**What to work on**
Please output the data exactly, minus pictures.

**Provided data**
[Start of Attachment]

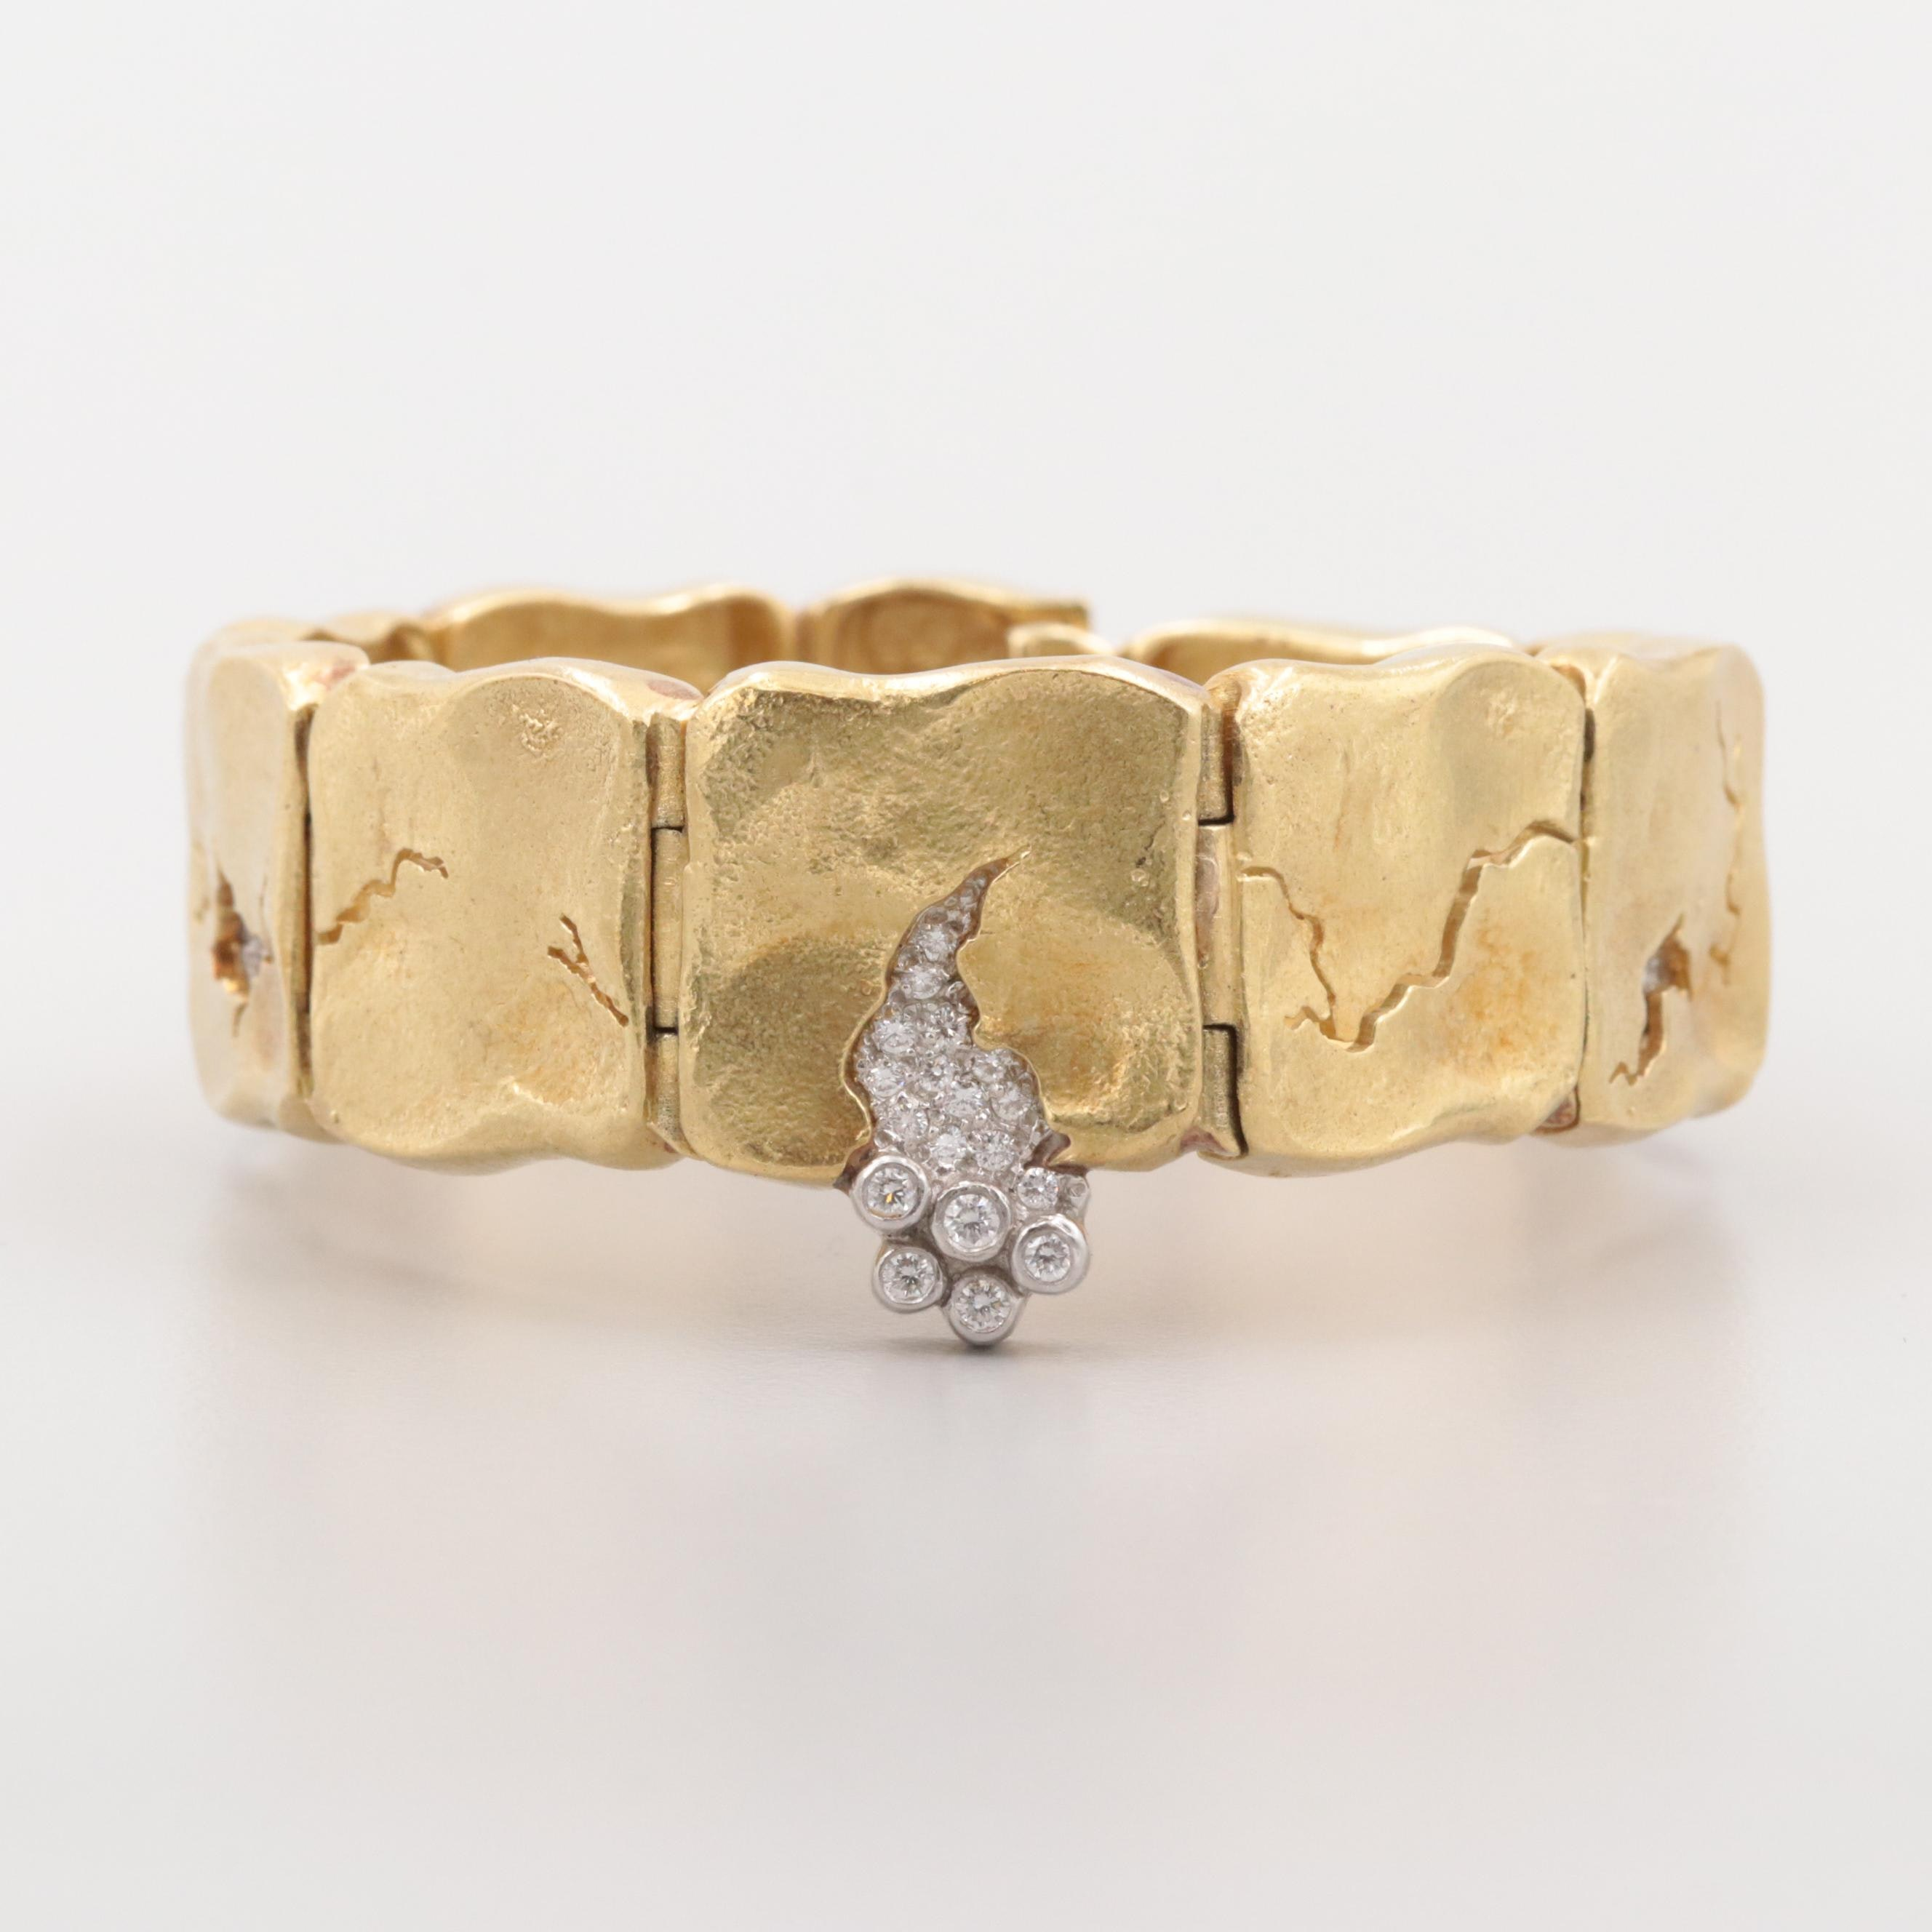 "Seidengang ""Odyssey"" Collection 18K Yellow Gold and Platinum Diamond Bracelet"
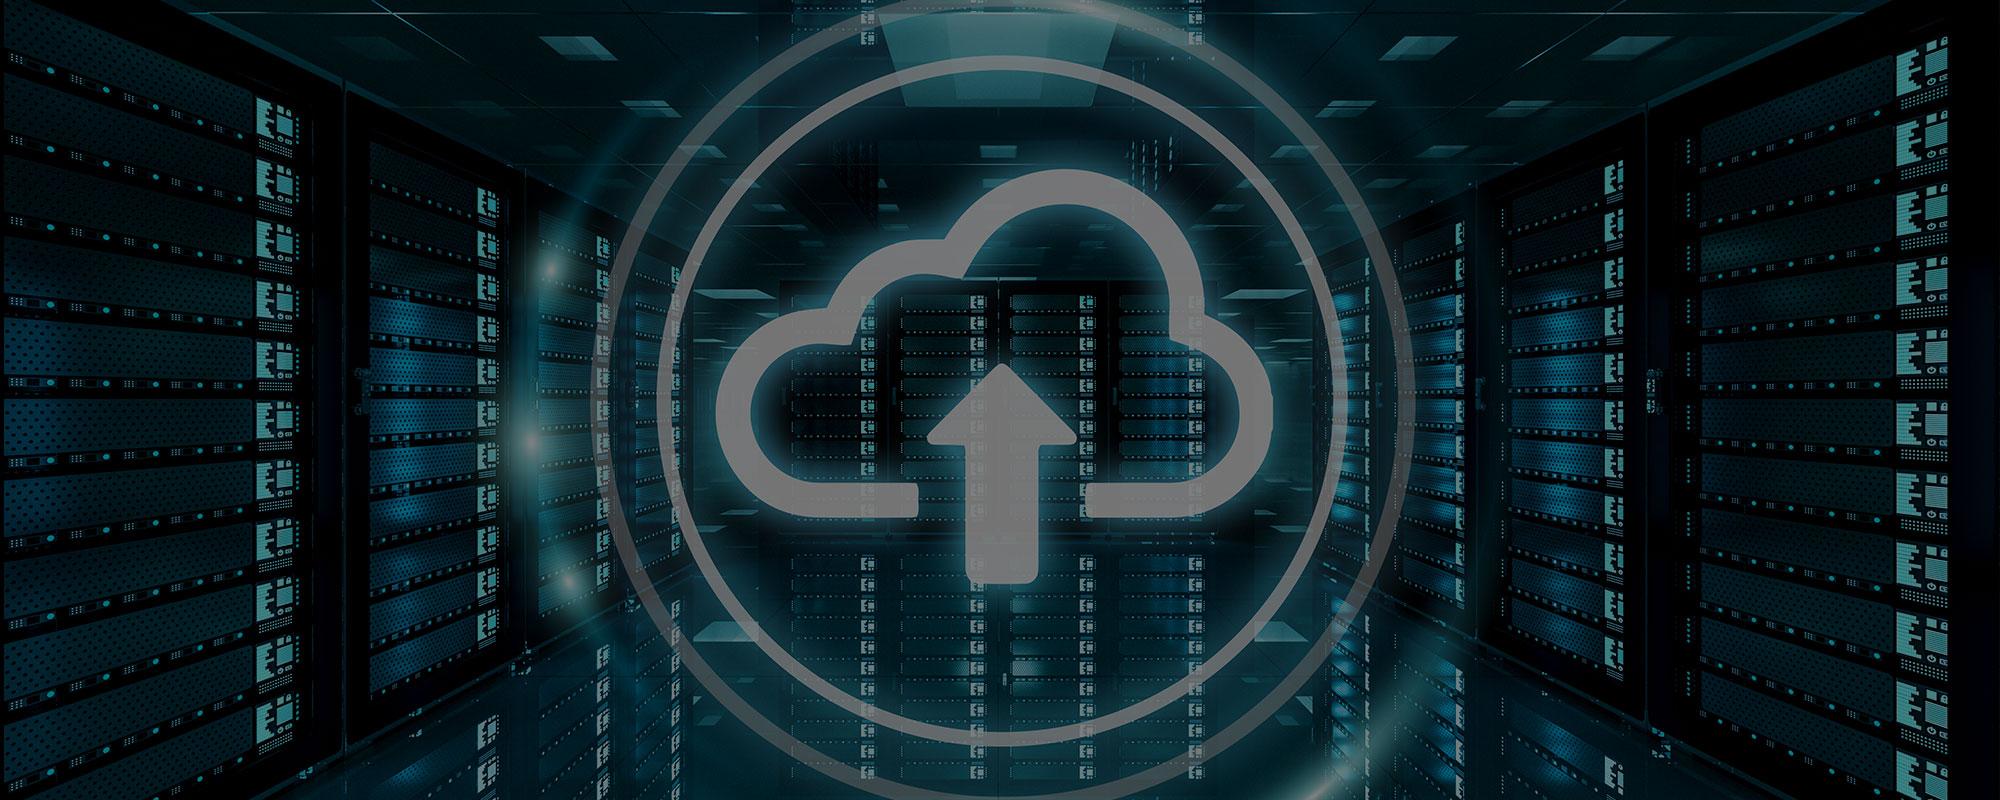 SD-WAN Cloud Connectivity
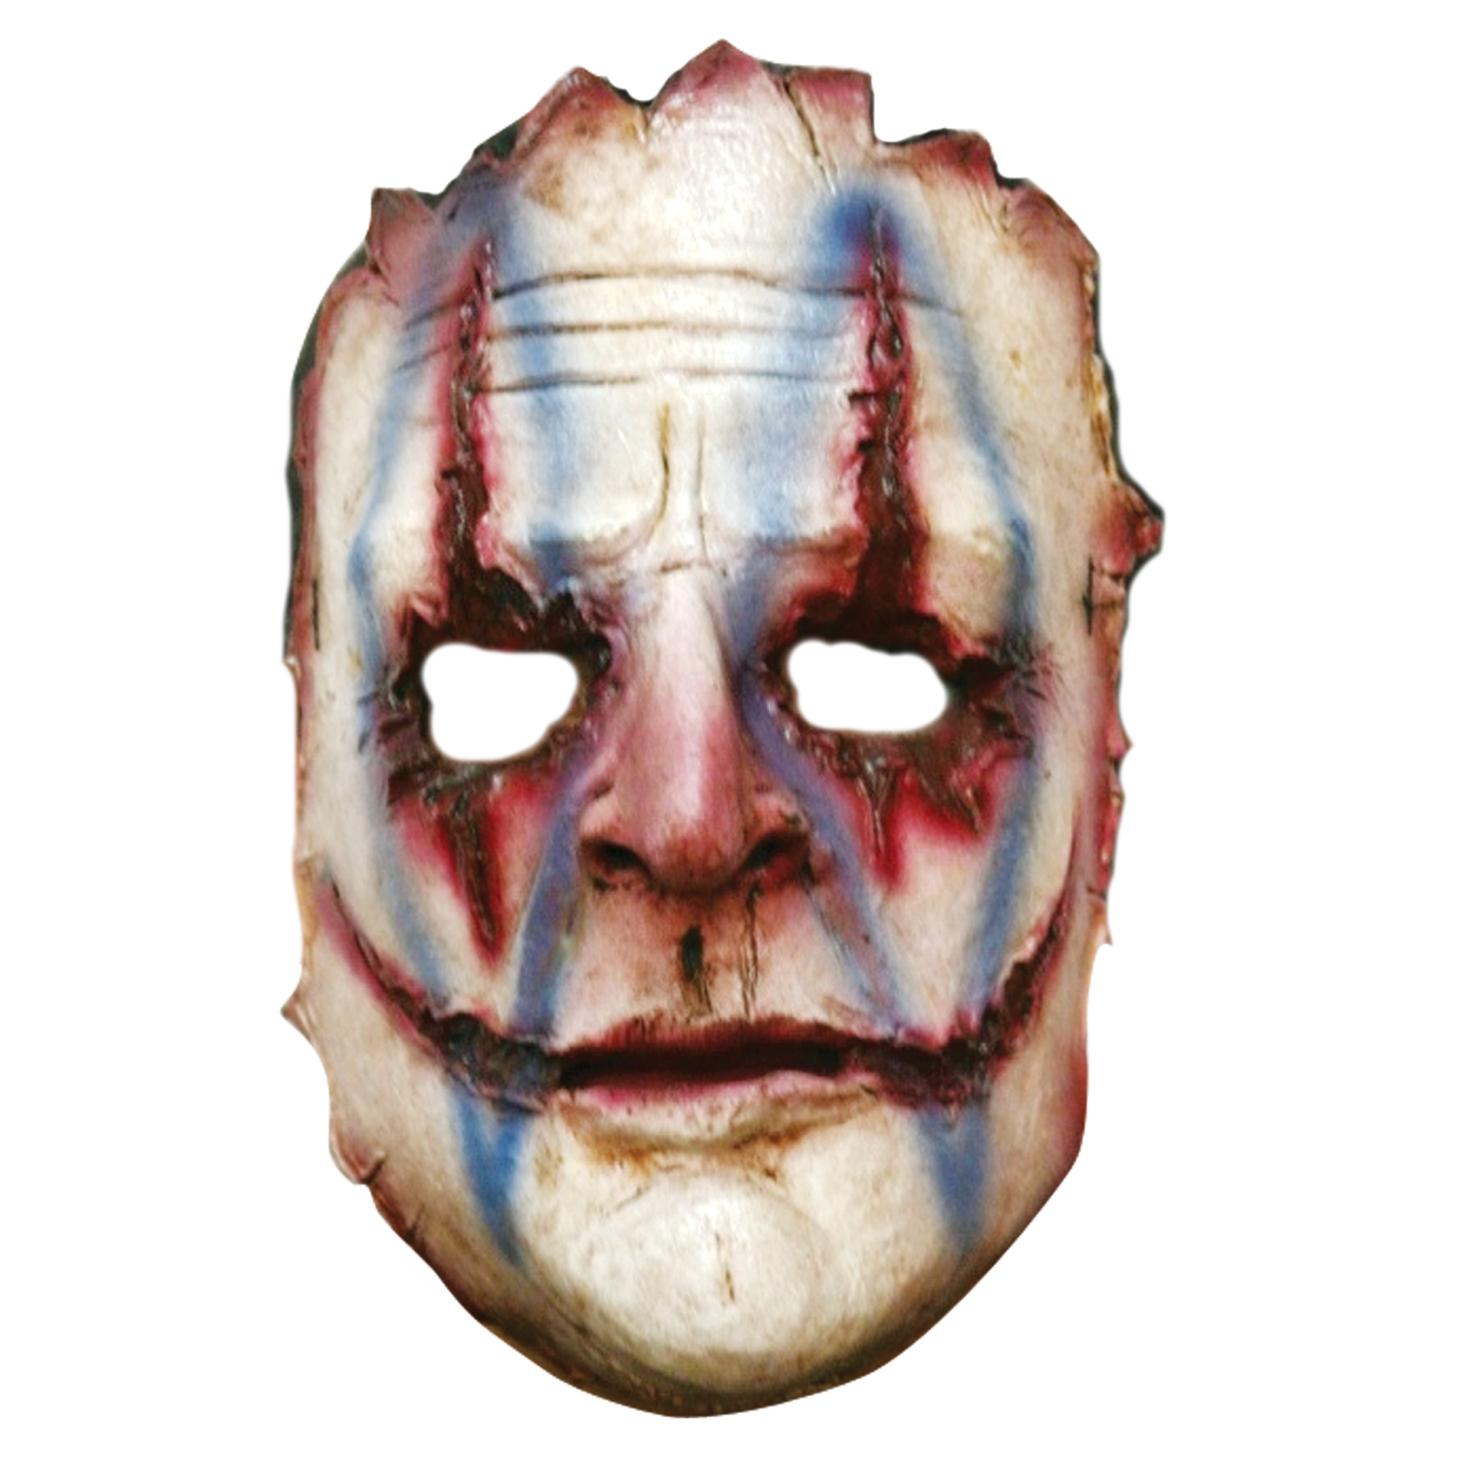 Serial Killer Skin Mask 4   masken   Pinterest   Skin mask and Masking

[End of Attachment]

**Expected output**
 "Seidengang ""Odyssey"" Collection 18K Yellow Gold and Platinum Diamond Bracelet"
 SD-WAN Cloud Connectivity
 Serial Killer Skin Mask 4   masken   Pinterest   Skin mask and Masking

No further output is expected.